Exercise aim
Please repeat exactly the lines from the one containing "Elevator shoes height" to the end of the entries below, both included, and omit all pictures.

*** Opening Data to process ***

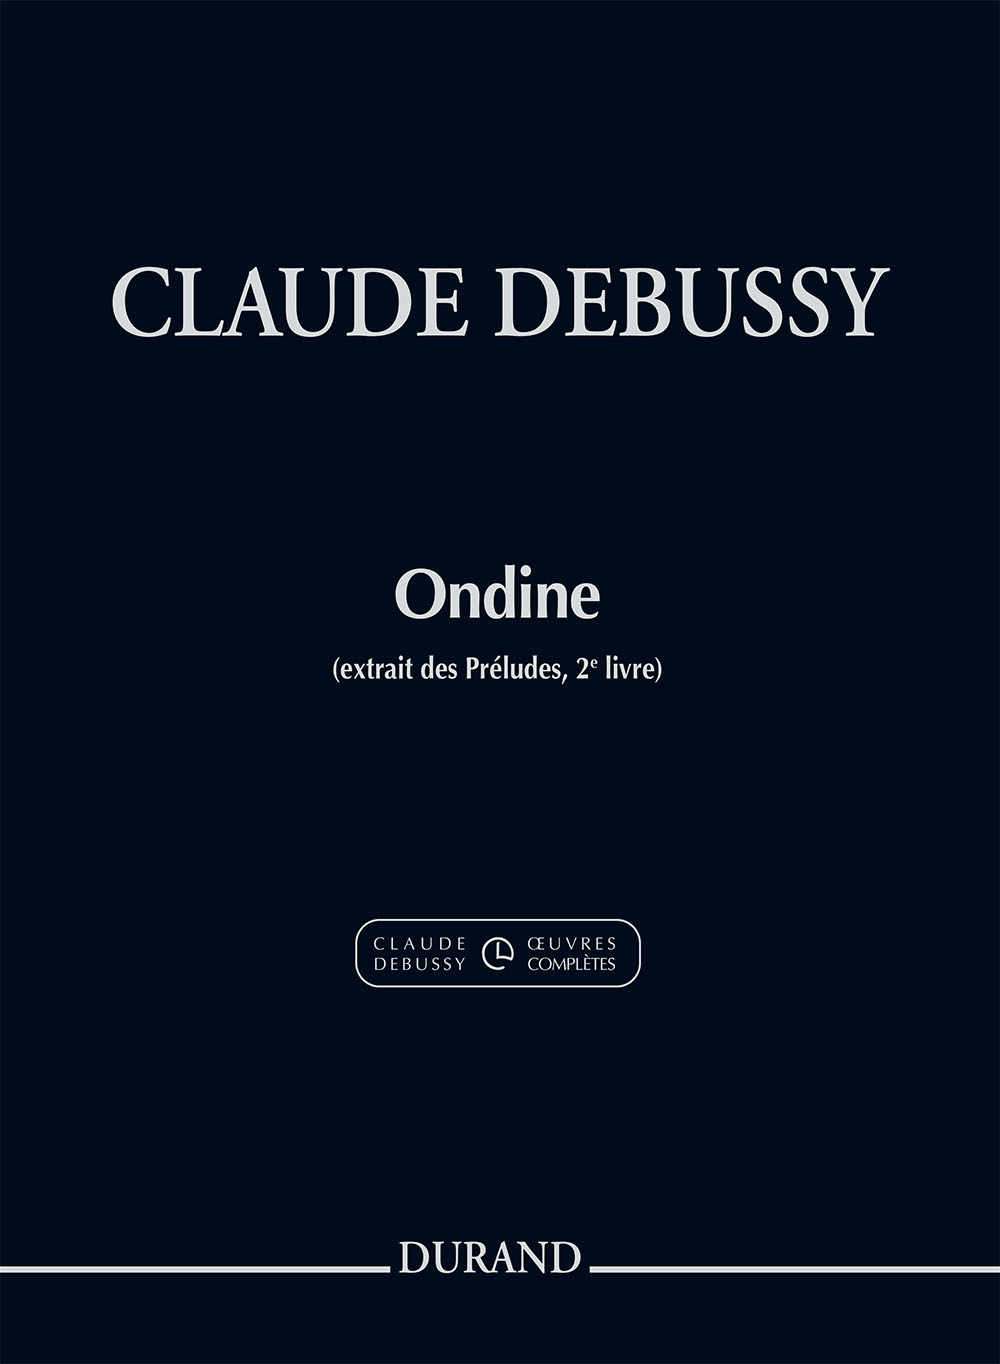 Claude Debussy: Ondine - Extrait Du - Excerpt From Srie I Vol. 5: Piano:
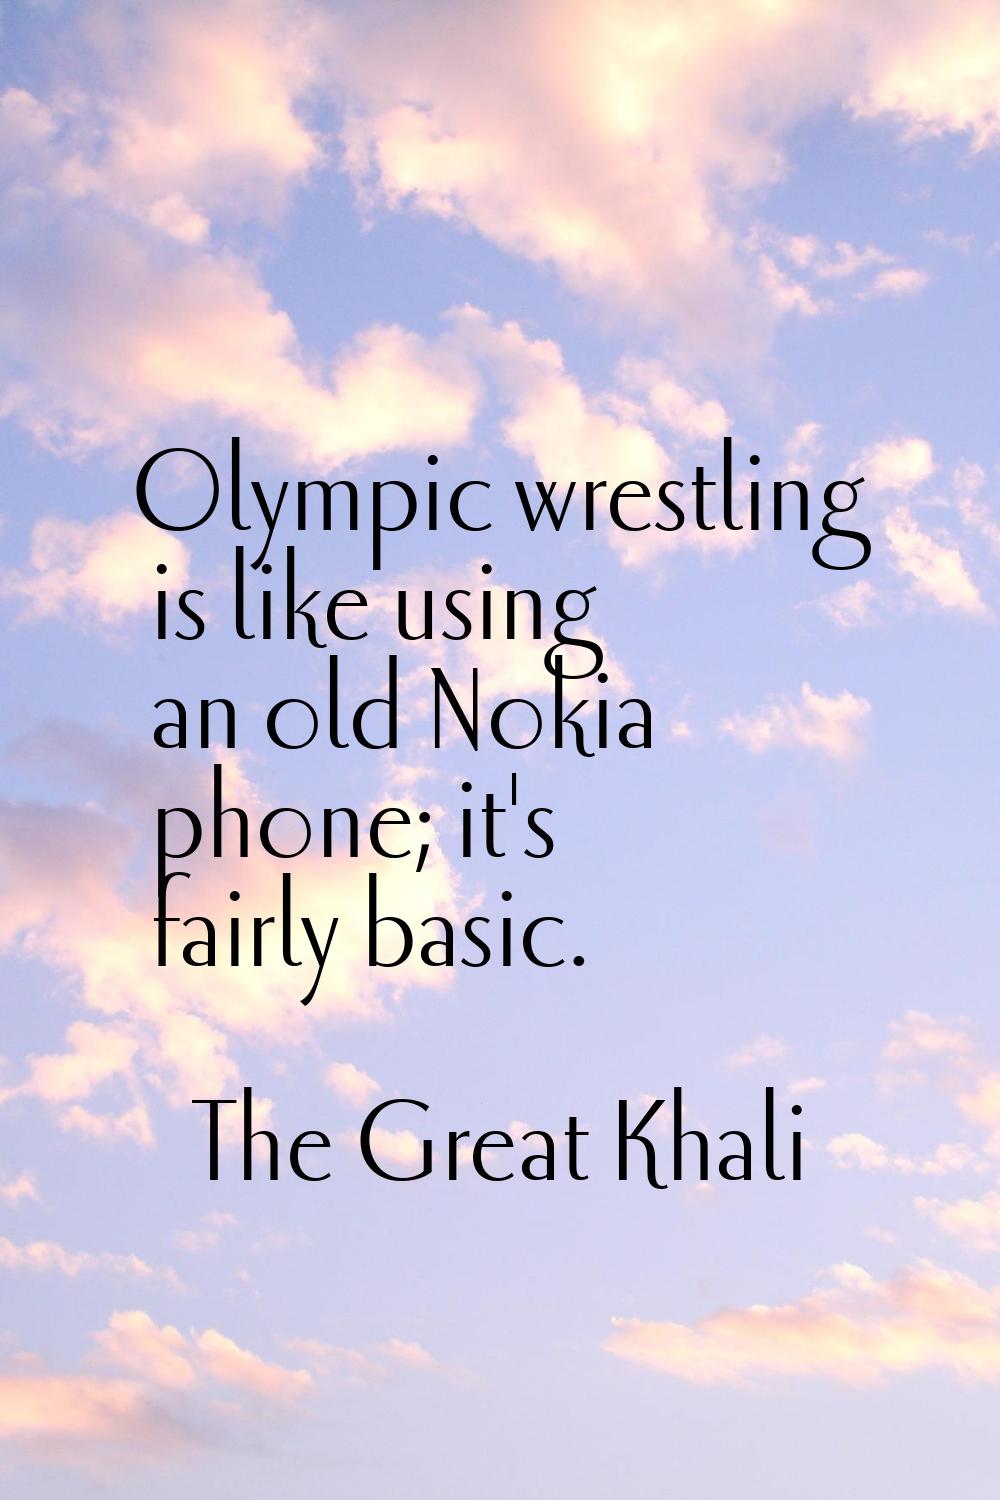 Olympic wrestling is like using an old Nokia phone; it's fairly basic.
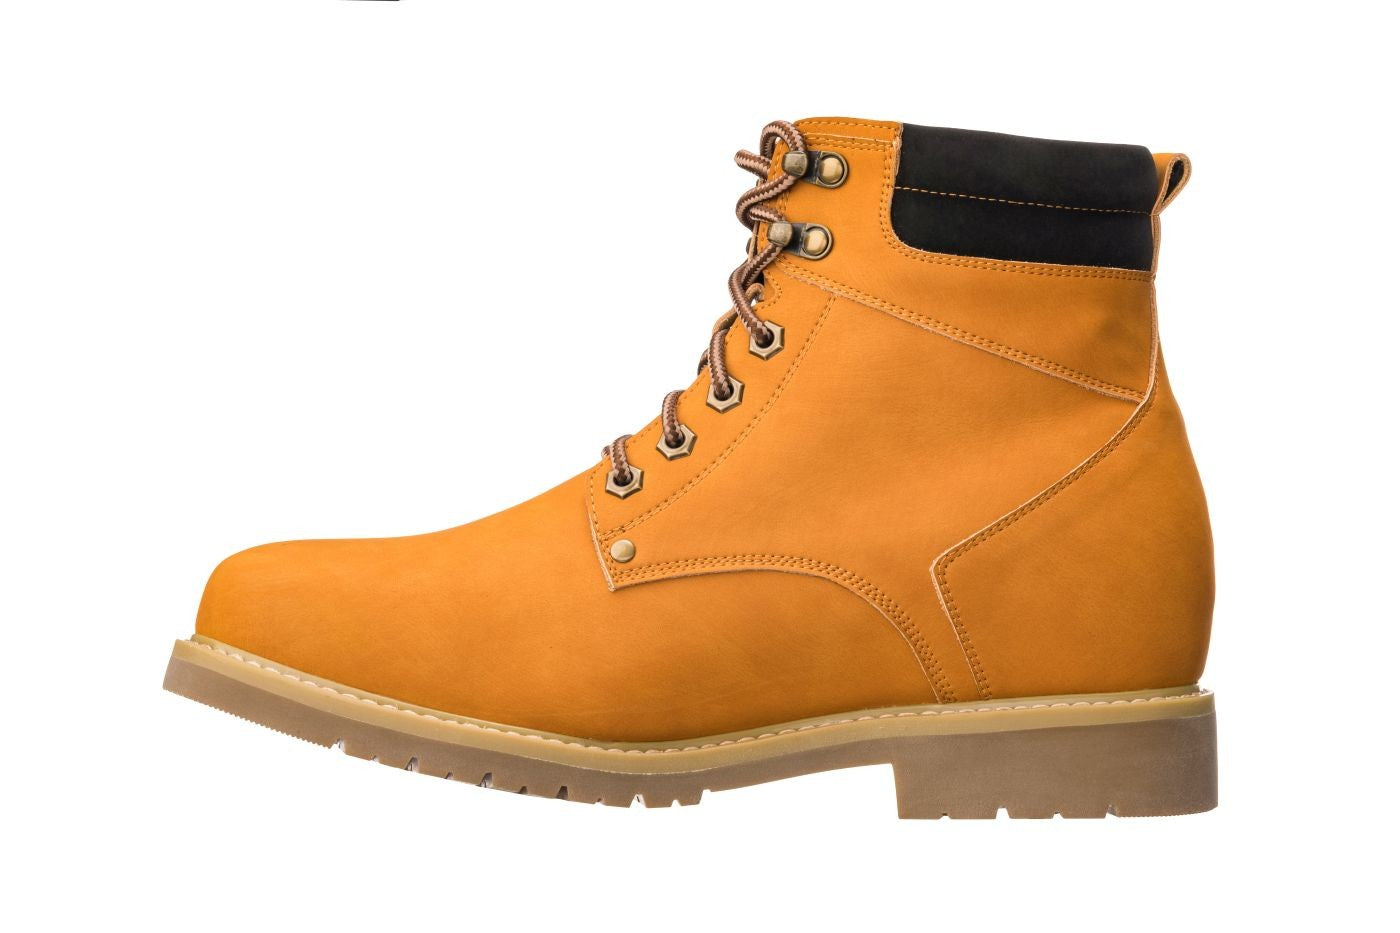 Elevator shoes height increase CALTO - K8821 - 3.2 Inches Taller (Nubuck Camel) - Work Style Boot
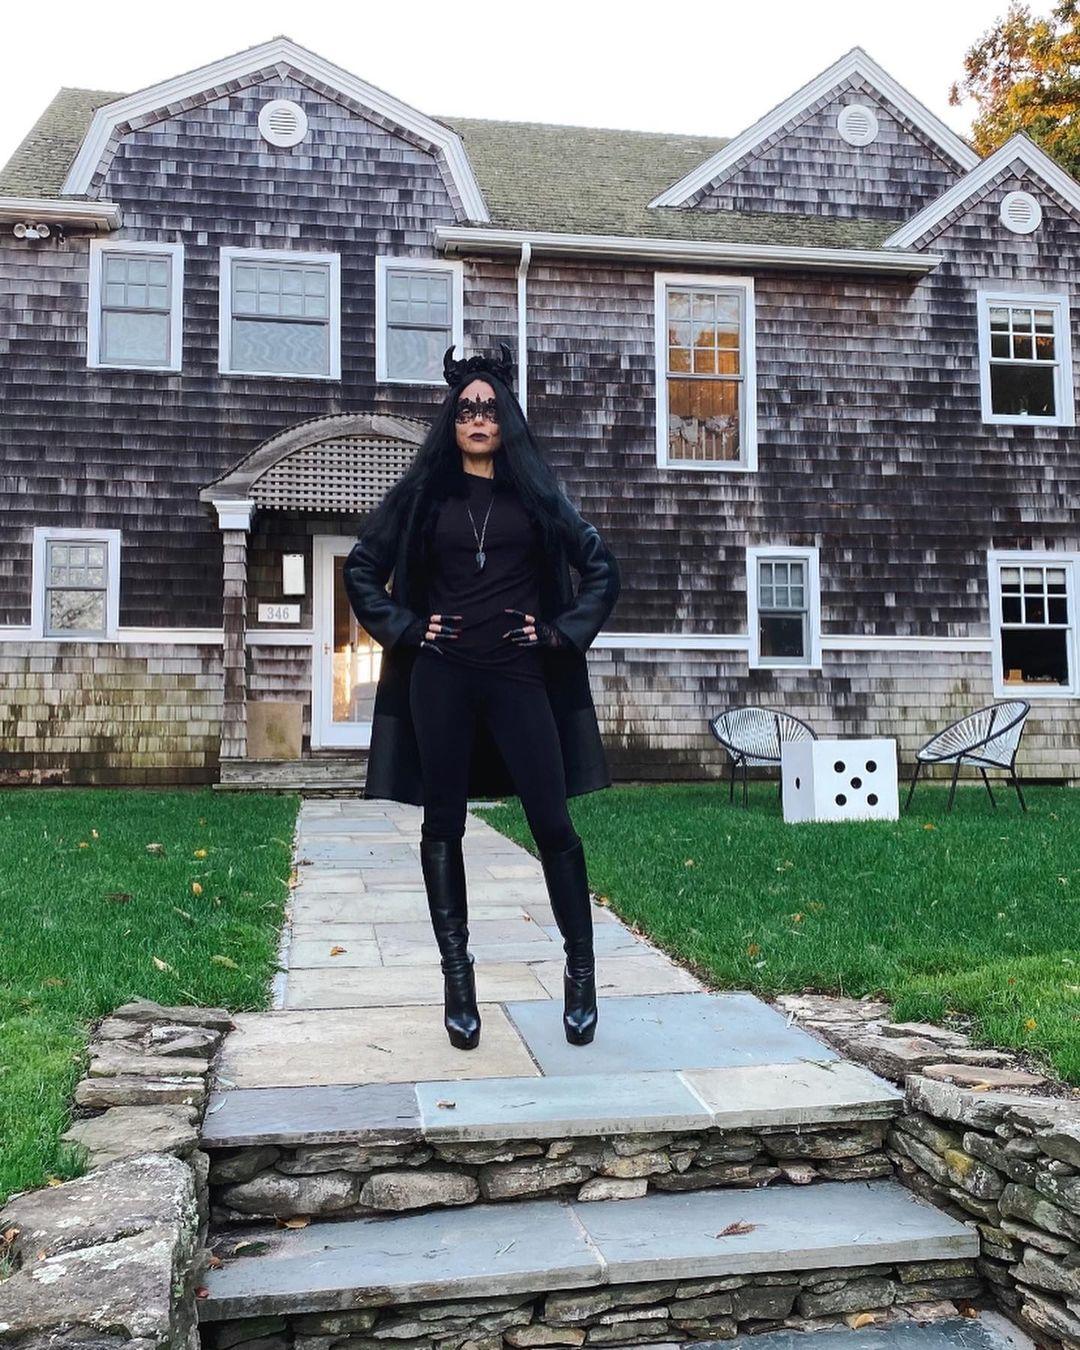 A photo showing Bethenny Frankel in a gorgeous all-black costume for Halloween.
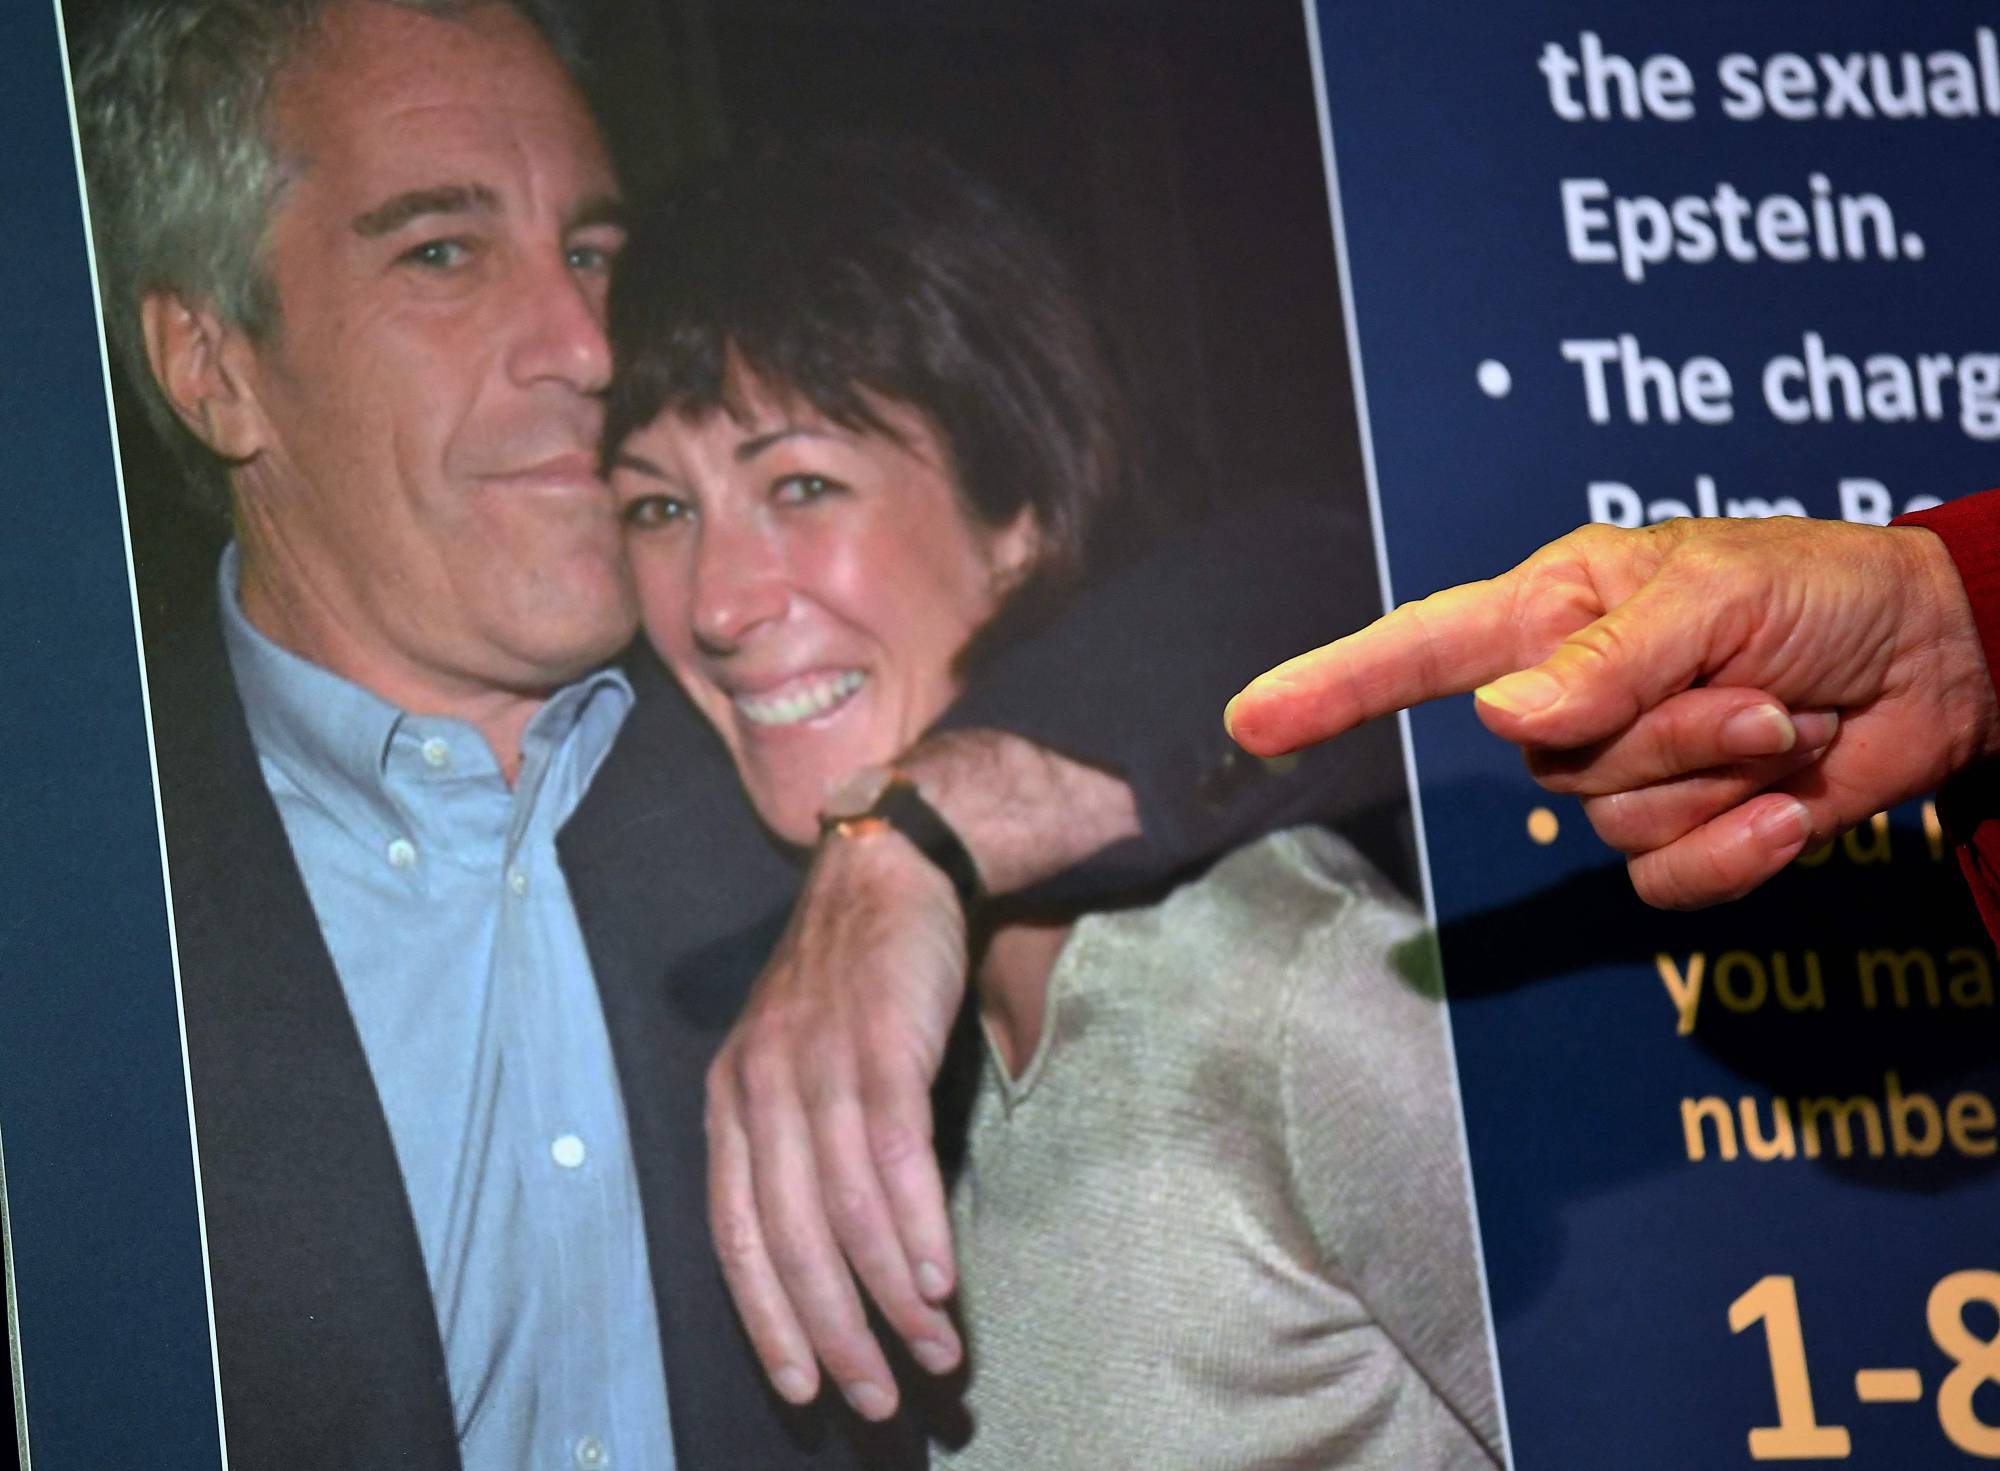 Ghislaine Maxwell convicted for helping Jeffrey Epstein sexually abuse teens

*** Closing Data to process ***

Exercise result
 Elevator shoes height increase CALTO - K8821 - 3.2 Inches Taller (Nubuck Camel) - Work Style Boot
 A photo showing Bethenny Frankel in a gorgeous all-black costume for Halloween.
 Ghislaine Maxwell convicted for helping Jeffrey Epstein sexually abuse teens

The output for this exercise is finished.